To the contrary Mr Pullman, the
Narnia books are
seven of the most
beautiful and
atoxic things I have ever read.
So there.
28 November 2007, 10:04 AM
Nard KordellMaybe someone can convince Pullman to do a book about Muhammad along the same lines.
http://www6.comcast.net/news/articles/general/2007/11/2.../?cvqh=itn_teddybear28 November 2007, 11:20 AM
dandelionCute, Nard...very cute!
28 November 2007, 04:42 PM
Nicoquote:
Originally posted by dandelion:
quote:
Originally posted by fjp451:
Golden Compass is no kids' movie and carries a very sinister theme (and agenda).

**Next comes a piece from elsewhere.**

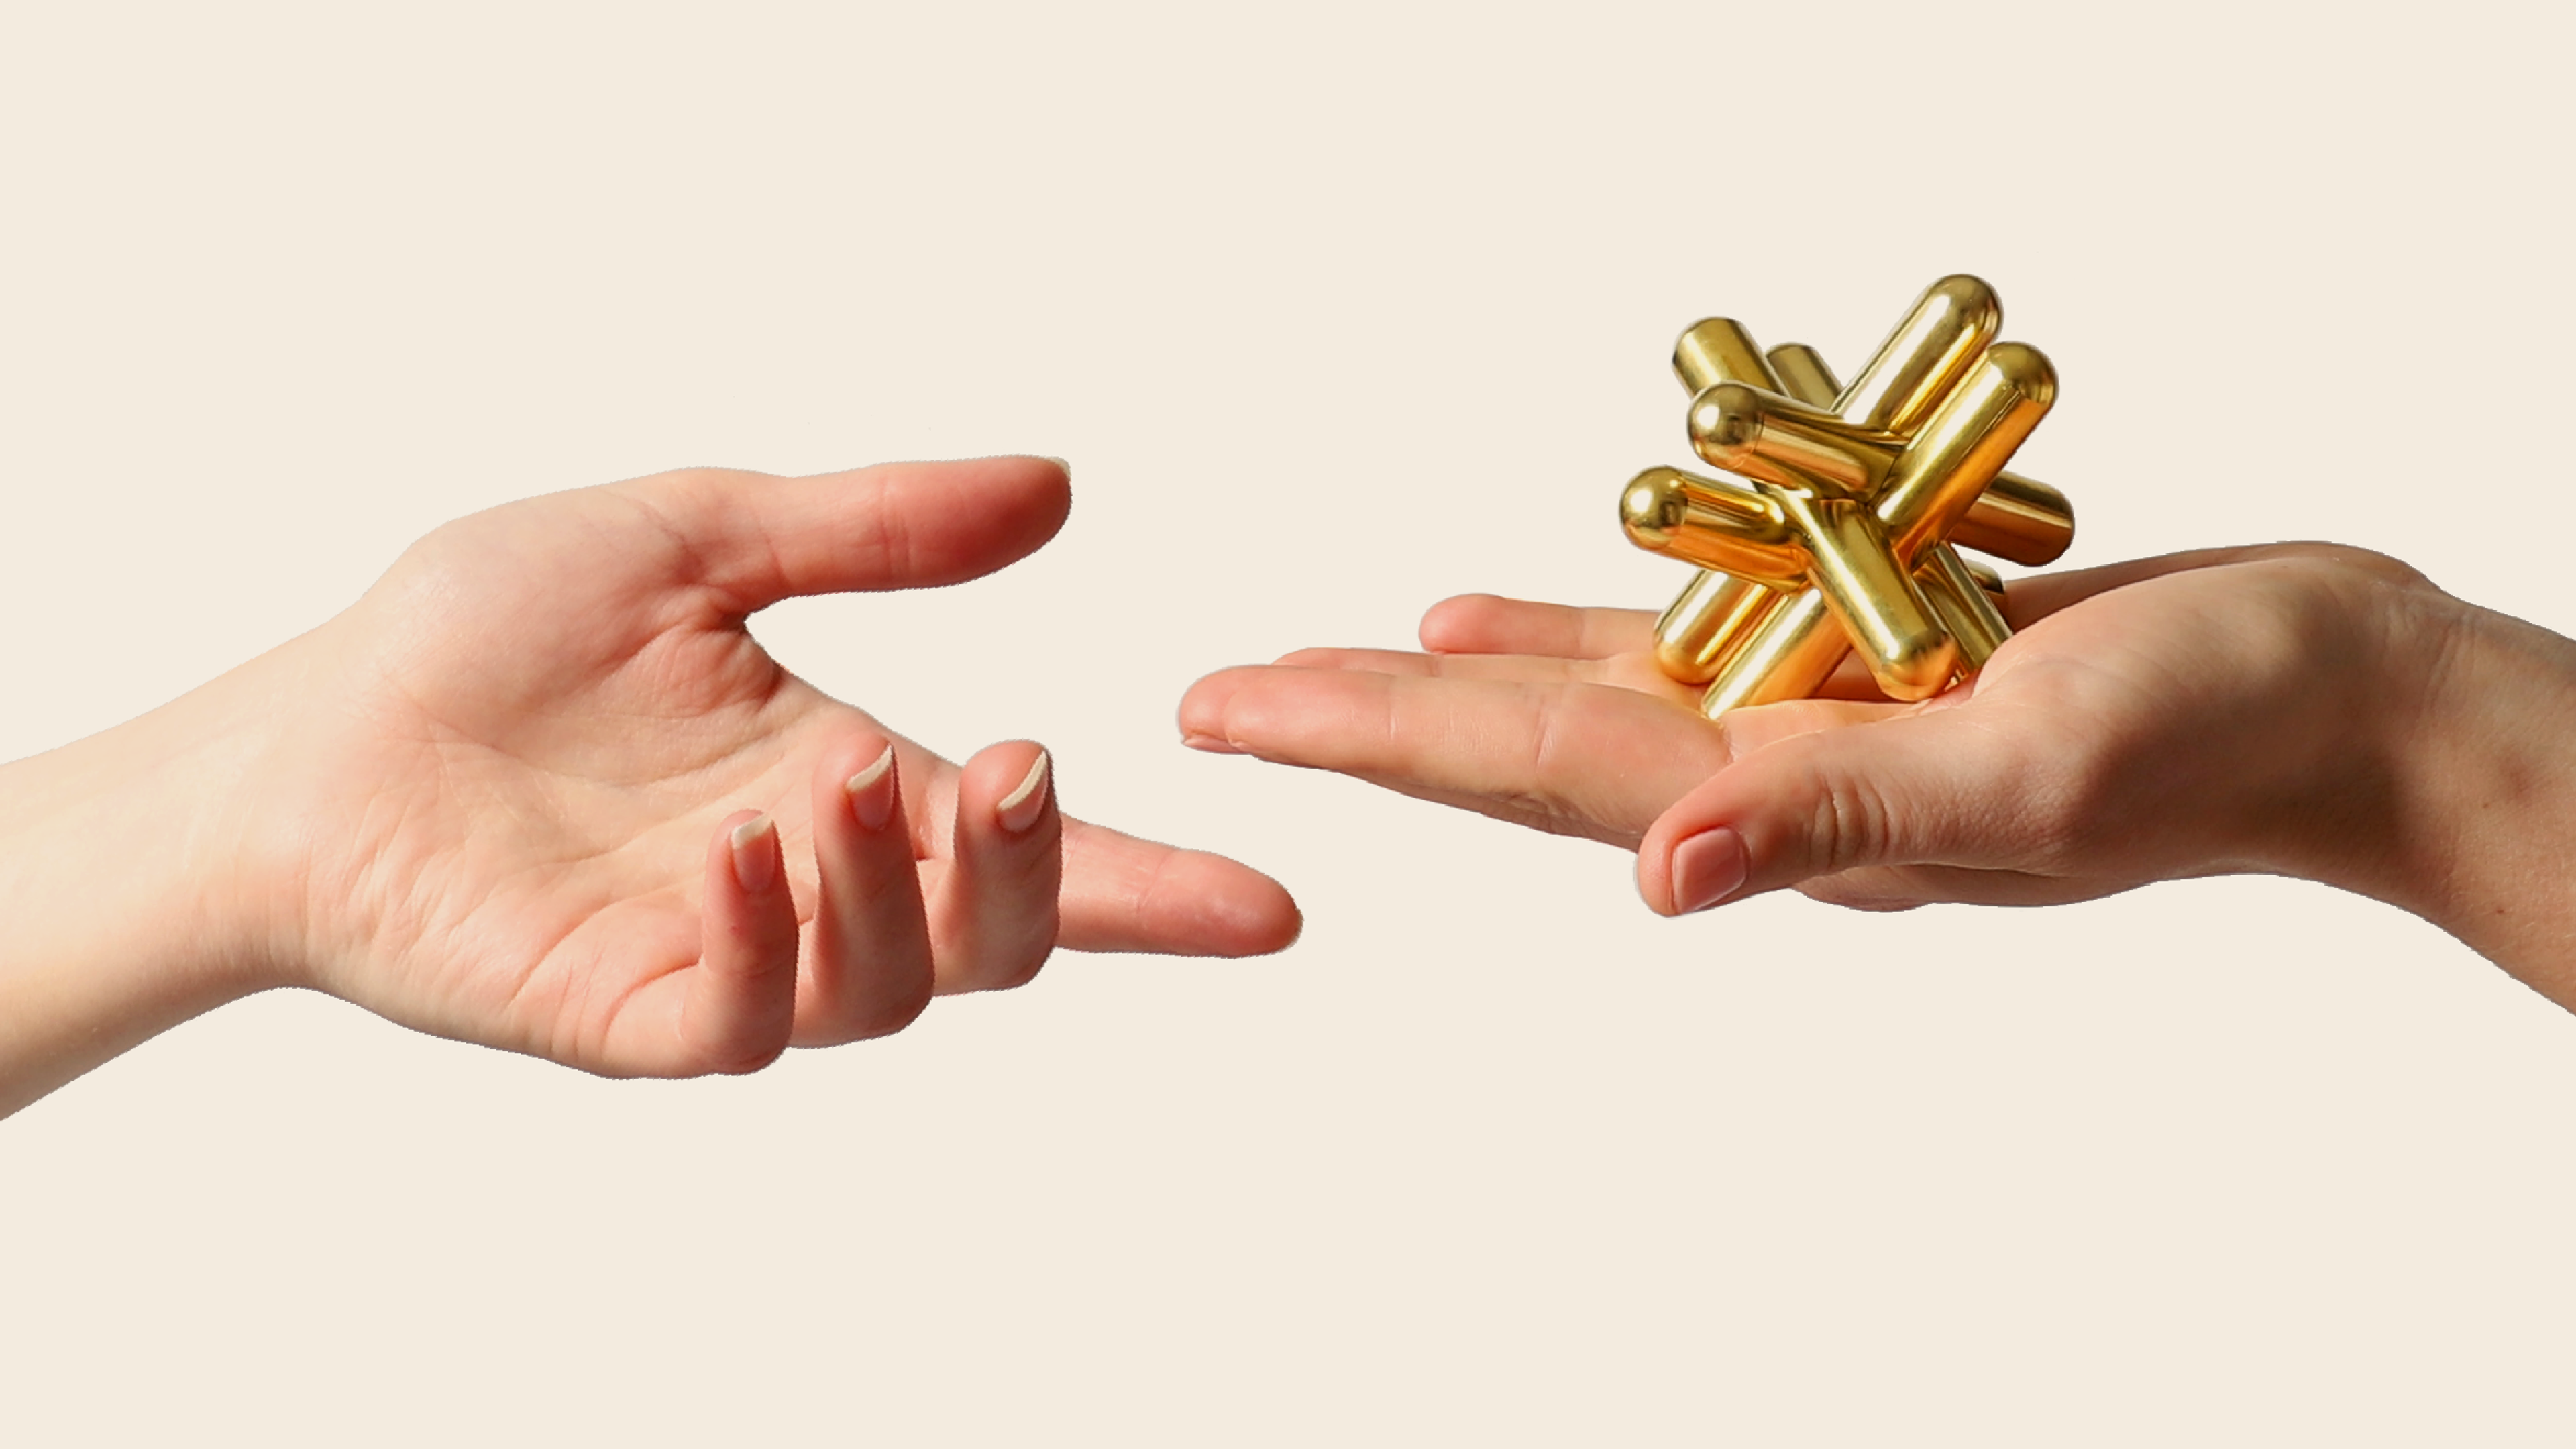 Why investing in gifting is good for your bottom line

http://www.christianitytoday.com/ct/2007/december/12.36.html
Although the article has several valid points, such a magazine is obviously paranoid and biased.
28 November 2007, 06:00 PM
Doug Spauldingquote:
Originally posted by Nico:
Although the article has several valid points, such a magazine is obviously paranoid and biased.
Clearly it's biased toward Christianity from its very title.
28 November 2007, 06:15 PM
Phil Knox NICO"
Christianity TODAY" is biased and paranoid? Really?
Well, then, let me ask you a question:
What do you think of Muhammad the Prophet?
28 November 2007, 10:55 PM
Nicoquote:
Originally posted by Phil Knox:
NICO
"Christianity TODAY" is biased and paranoid? Really?
Well, then, let me ask you a question:
What do you think of Muhammad the Prophet?
I think he was a merchant who started a religion. It was going along great, until he died and the cultural taboos and practices of the people a few hundred miles north of his deathbed were added (I.E. required dress, stigma against educating women) to his religious texts (both the Quaran, which was meant to remain unaltered, and the hadiths.)My guess is that the original version of the Quaran was almost as different from today's version as the Bible was from it's common versions today.
But what do I THINK of him? I never met him, so I cannot say.